ということは? こういうことである。漫画家の永井豪が一九七四年から七八年にかけて『月刊少年ジャンプ』上で断続的に連載したギャグ漫画『けっこう仮面』は、少女漫画というフィールドでは到底描かれなかったものなんだろうな、と。

どういうことか。この漫画の主役は、ナイスバディな全裸の女性なのである。覆面で顔を隠した「けっこう仮面」という女が全裸で活躍して、学園に蔓延る悪を成敗する。本作が連載された七〇年代当時であれば、これは「月光仮面」のパロディーとして通用した。

一九六〇年前後に一世を風靡した、正体不明のヒーロー月光仮面。しかし本作が連載された七〇年代以降に生まれた世代は、多くの場合、そもそも月光仮面を知らない。そうすると本作は、もはやパロディーではなく、一つの独立した作品として見られるケースが多いだろうということである。

月光仮面は、顔を覆面で隠してこそいたが、服はしっかり着ていた。着ていなかったら変質者でしかない。けっこう仮面が、月光仮面への(セクシー要素を含んだ)カウンターであることは、七〇年代当時であれば、想像に難くないと思う。しかし、月光仮面に馴染みがない世代には、彼女が全裸である必然が、そもそもよく分からない。だからか、この作品は短命に終わり、フォロワーも一向に現れない。

少年漫画にしろ少女漫画にしろ、女が素っ裸で登場する以上、何らかの必然がある。シャワーを浴びているとか、ヌードデッサンのモデルをしているとか、水着に着替えているとか、セックスをしているとか、家では全裸でいる趣味があるとか。女の裸を描くなら、裸である必然をしっかり考え出す。それが作者や編集者の仕事であったりもする。ところがけっこう仮面には裸である必然が━━少なくとも読者を納得させるだけの必然が━━特にない。彼女が繰り出す必殺技は、セクシーなギャグではあっても、それ以上のものにはならないのである。

少女漫画でこういう主人公はありえるだろうか? 女性が悪を成敗する結構の話は、十分にありえるだろう。セーラームーンなどはそういう話であろうし。でもその「正義の味方」を全裸にする設定は、恐らくありえない。まず現実的に防御体制として全裸というのは脆弱極まりないから、問題外である。少女漫画の読者の多くは女性で、女性は自分を飾ってくれる衣服や宝飾品には興味を示しても、一糸纏わない姿にはあまり関心を寄せないだろうし。必然性が特になくて読者の人気も見込めないとなれば、誰もそんな設定にGOサインを出しはしないだろう。
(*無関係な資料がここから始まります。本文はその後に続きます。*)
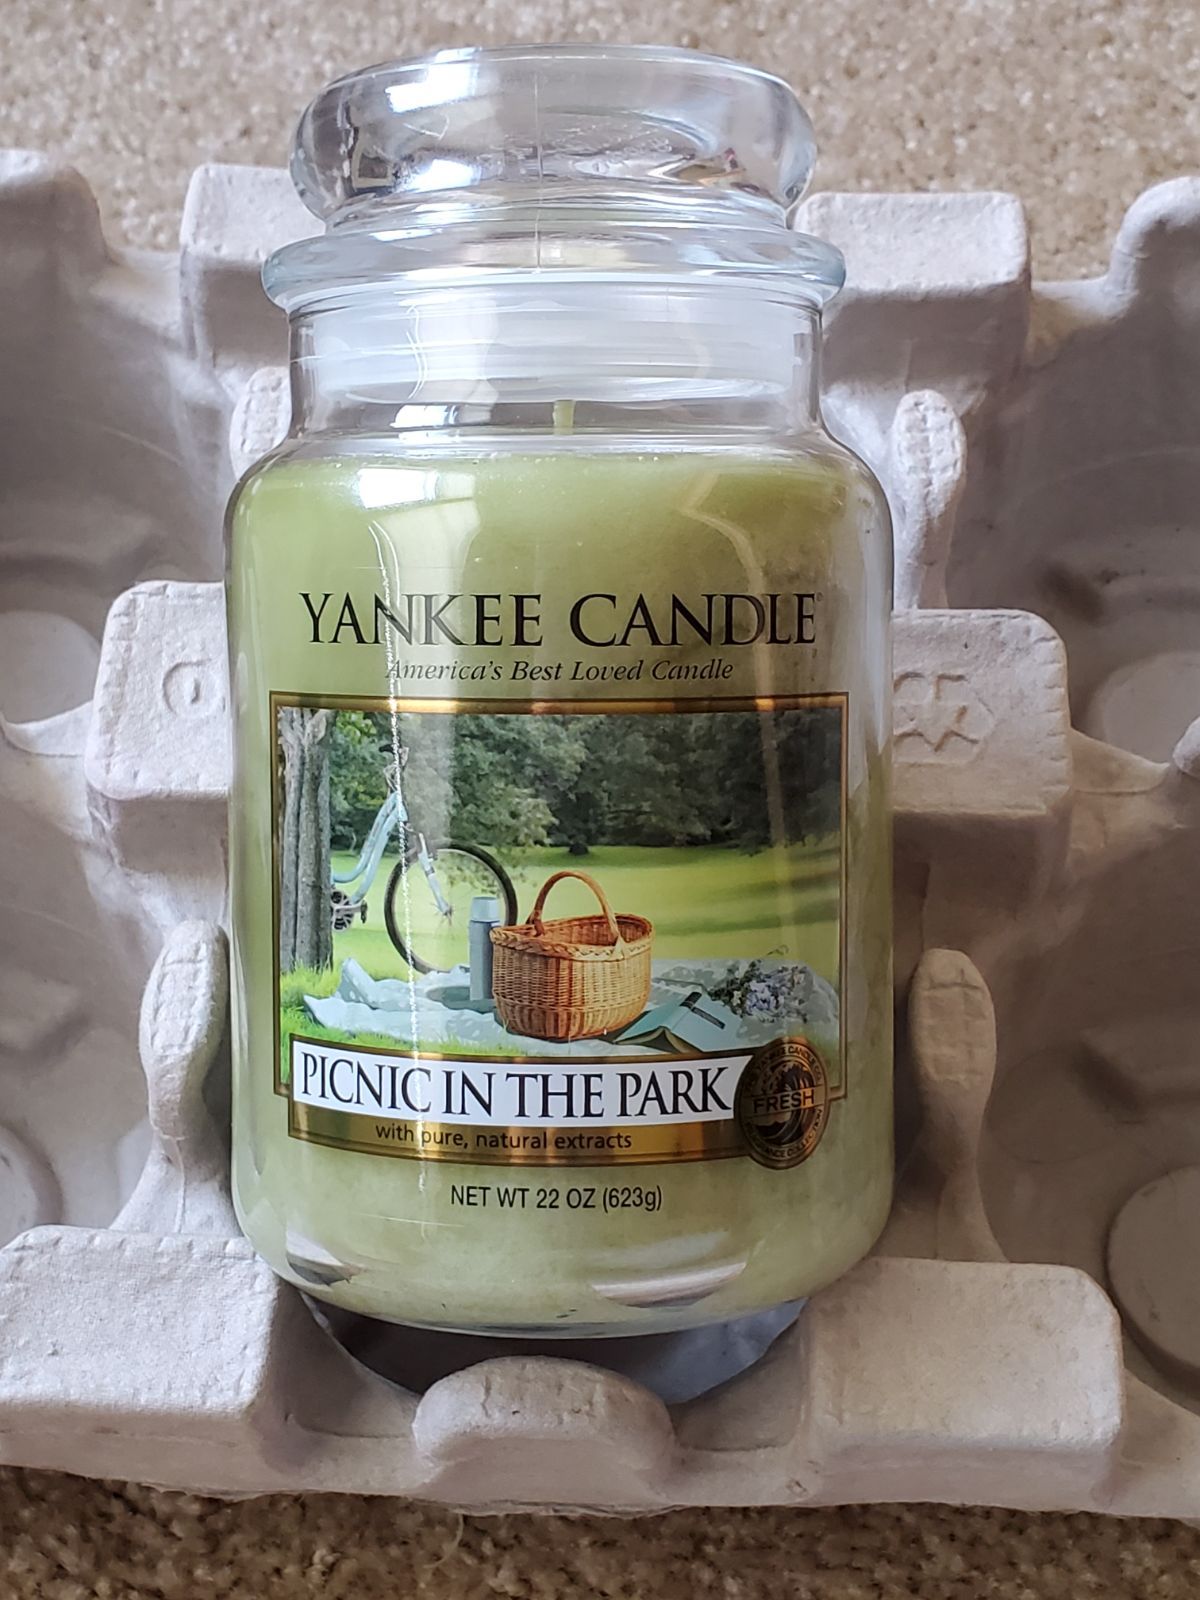 PICNIC IN THE PARK Large 22 oz Jar Candle Yankee Candle Lot of 2 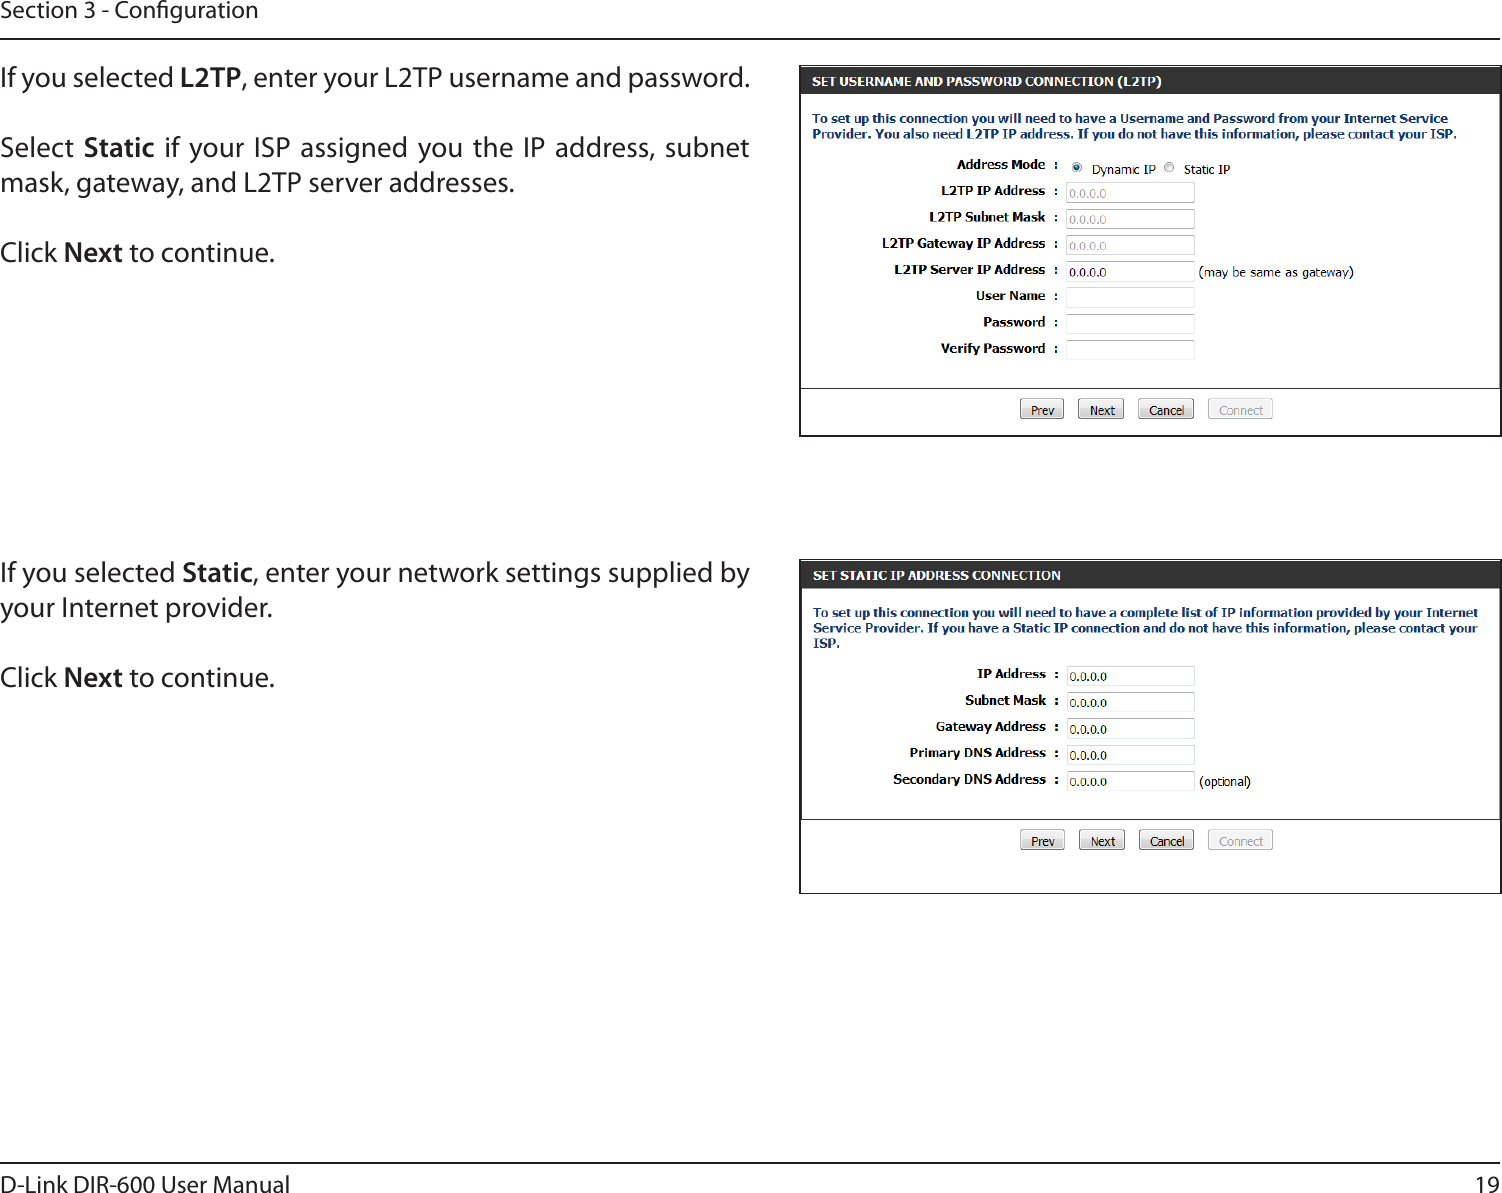 19D-Link DIR-600 User ManualSection 3 - CongurationIf you selected L2TP, enter your L2TP username and password. Select Static if  your ISP  assigned you the  IP address, subnet mask, gateway, and L2TP server addresses.Click Next to continue.If you selected Static, enter your network settings supplied by your Internet provider. Click Next to continue.

加えて、私はこうも思う。男だって「女の裸」に興奮はするけど、その興奮が長続きするケースはそんなにないんじゃないかな、と。

男はポルノグラフィーとして女の裸を求める。でも男が女の裸に興奮しても、それは一時的なもので終わることが多いらしい。個人的には「そうかな?」と訝るのだが、たとえばヌーディスト・ビーチで興奮しっぱなしの男など、そうはいないというのが定説である。女の裸は、たまに見るとエキサイトするが、見続けていると、それはそれで「どうってことないもの」になったりもする。そういう傾向が男には多く見られるのではなかろうか。

けっこう仮面は、まぎれもなくセクシーな要素を含んでいる。でも彼女が男にとって悩ましいほどセクシーなキャラクターかというと、そんなことはない。毎度毎度ヌードであり続ける彼女は、平気で「ギャグ」になるような、至って「どうってことないもの」であったりもするのである。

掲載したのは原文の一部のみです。